The Georgia Department of Banking and Finance (“DBF”), announced today a significant change in the way in which the legal lending limit will be applied in the context of loan renewals.  Due to a shrinking capital base, a large number of banks have been struggling with the issue of what to do with loans whose renewal would cause a violation of the legal lending limit.  These were loans that met the requirements when the loan was made but could not be made today due to the bank’s smaller capital position. The position of the DBF has been that a bank should not renew such a loan.  In the current economic environment this places banks in an untenable situation because borrowers are unable to pay off the loans due to a lack of liquidity and no other financial institutions are willing to take over the credits.  The only option left for a bank in such a situation is to enter into some sort of forbearance agreement with the borrower.  The result of that, however, is that after 90 days the loan will need to be downgraded to substandard, regardless of whether the borrower is able to keep interest payments current.

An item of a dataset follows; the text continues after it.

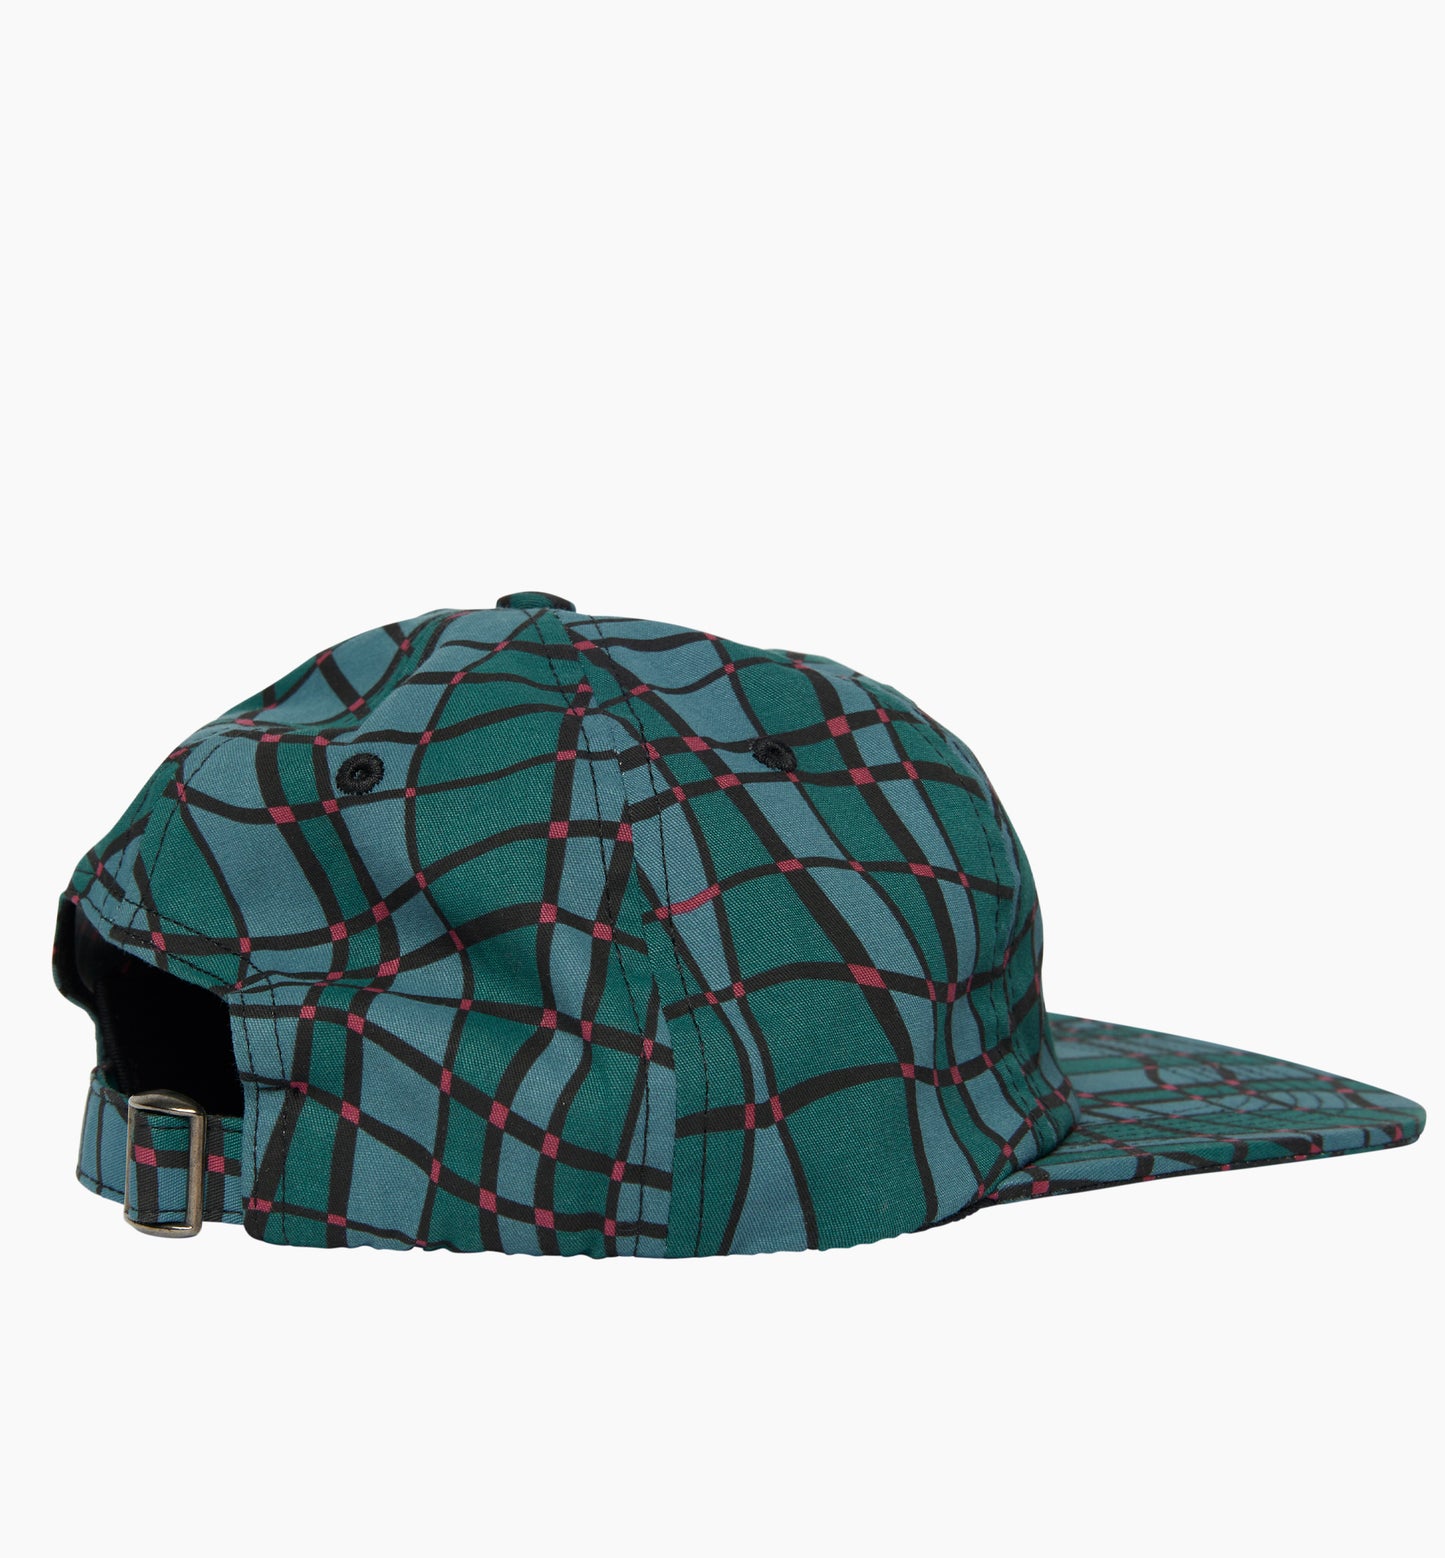 By Parra Squared Waves Pattern 6 Panel Hat
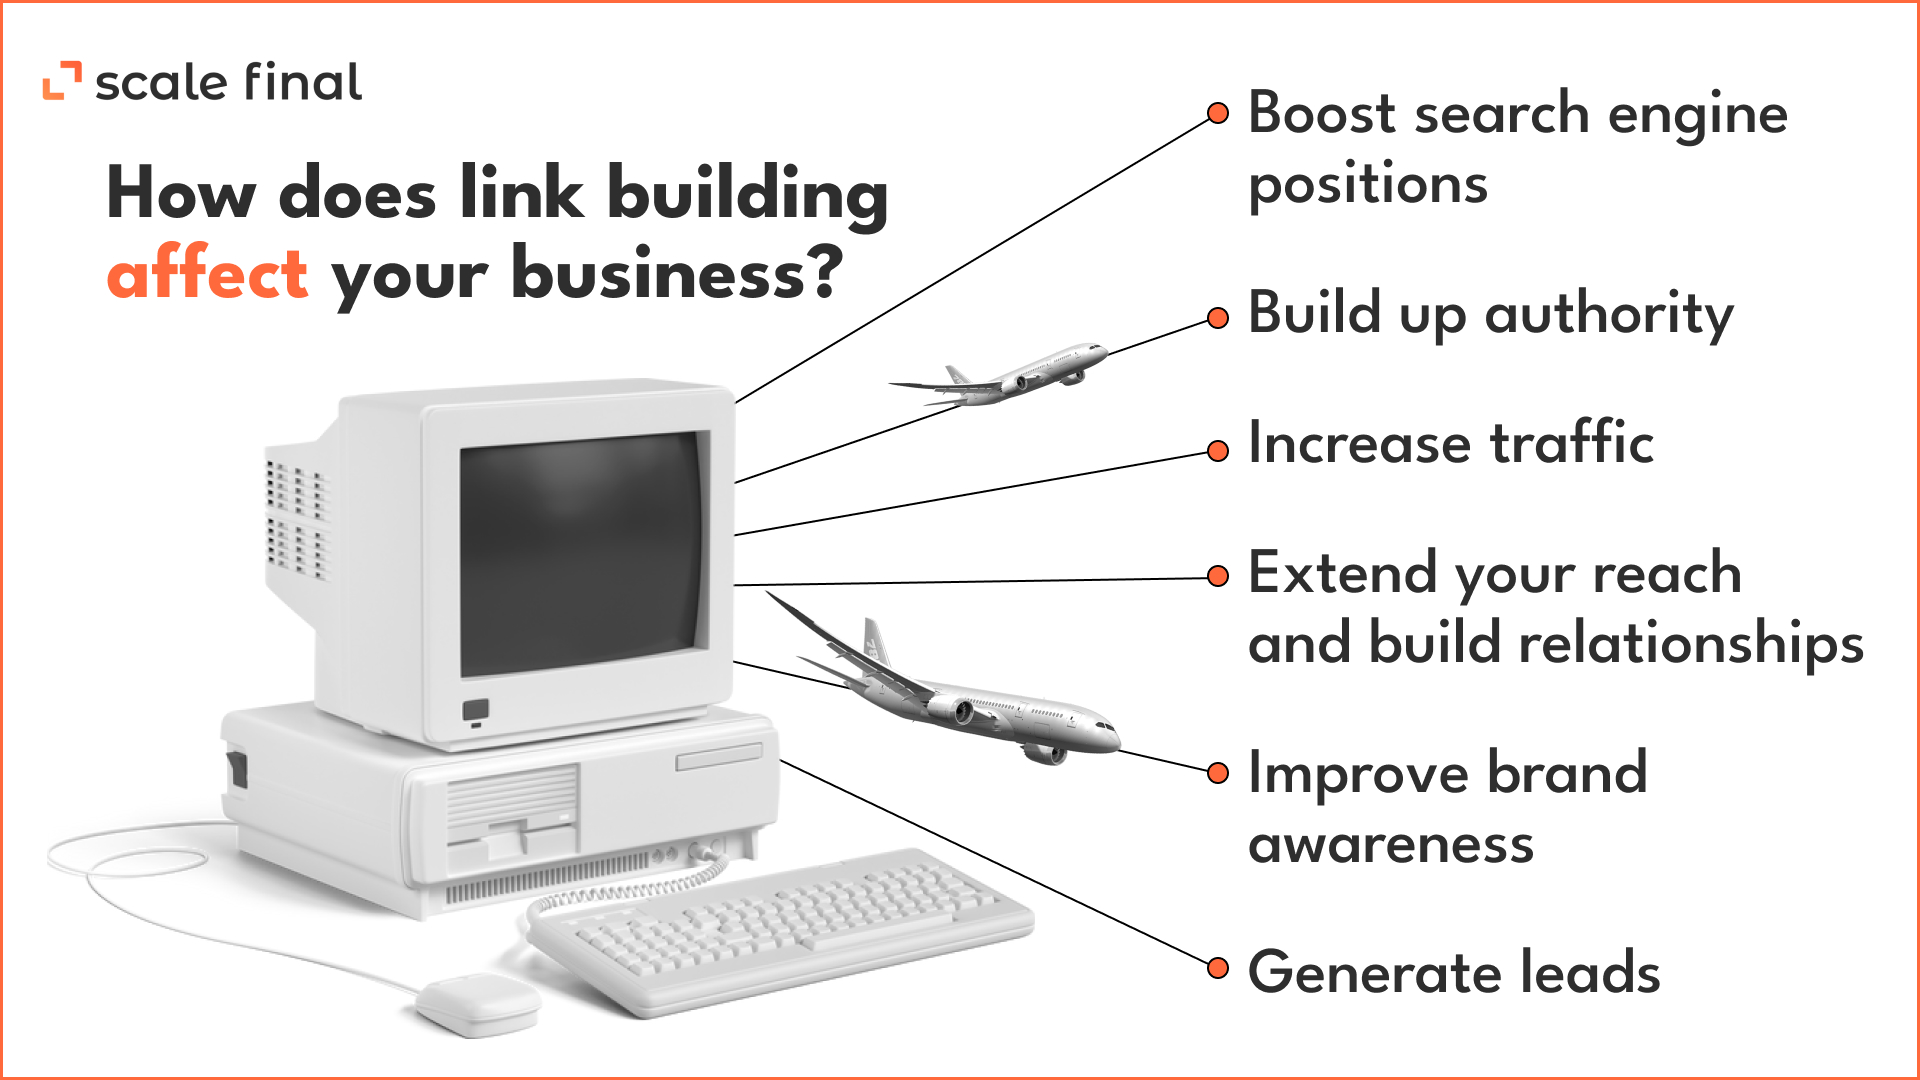 How does link building affect your business?Boost search engine positionsBuild up authorityIncrease trafficExtend your reach and build relationshipsImprove brand awarenessGenerate leads

Following direct discussions among GBA President Joe Brannen, GBA counsel Walt Moeling and Jerry Blanchard, Commissioner Rob Braswell, and the DBF Staff dealing with this issue, the DBF announced today that it shall be the position of the DBF that if loans are modified or renewed by the bank without any additional extension of credit outstanding, such loans will not be cited for a violation of the new rules of the Department contained in Rule 80-1-5-.11.  The DBF goes on to note, however, that the fact that a violation of the lending limit rule is not being cited should not be interpreted as a finding of creditworthiness by the DBF. A decision to classify a credit or credit relationship is an independent process from the application of statutes and rules.

In the announcement, the DBF acknowledged that this new interpretation is based on a recognition of the current challenging environment facing the financial services industry.  If it appears that a bank is structuring transactions in an effort to avoid the legal lending limit rules as opposed to working with borrowers to attempt to bring the loan back into a conforming one, the DBF reserves the right to review such activities on an individual basis.

We believe that banks faced with renewing such loans should carefully document the fact that they are taking reasonable steps to bring the loan into conformity.  Due to the serious consequences that intentional violations of the legal lending limit can have on boards of directors, we think it is prudent that renewals of these non-conforming loans be submitted to the entire board for review and that the board make a finding that the renewal is (i) consistent with safe and sound banking practices, (ii) in the best interest of the bank, and (iii) that management has been instructed to use reasonable efforts to bring the loan into conformity with the legal lending limit.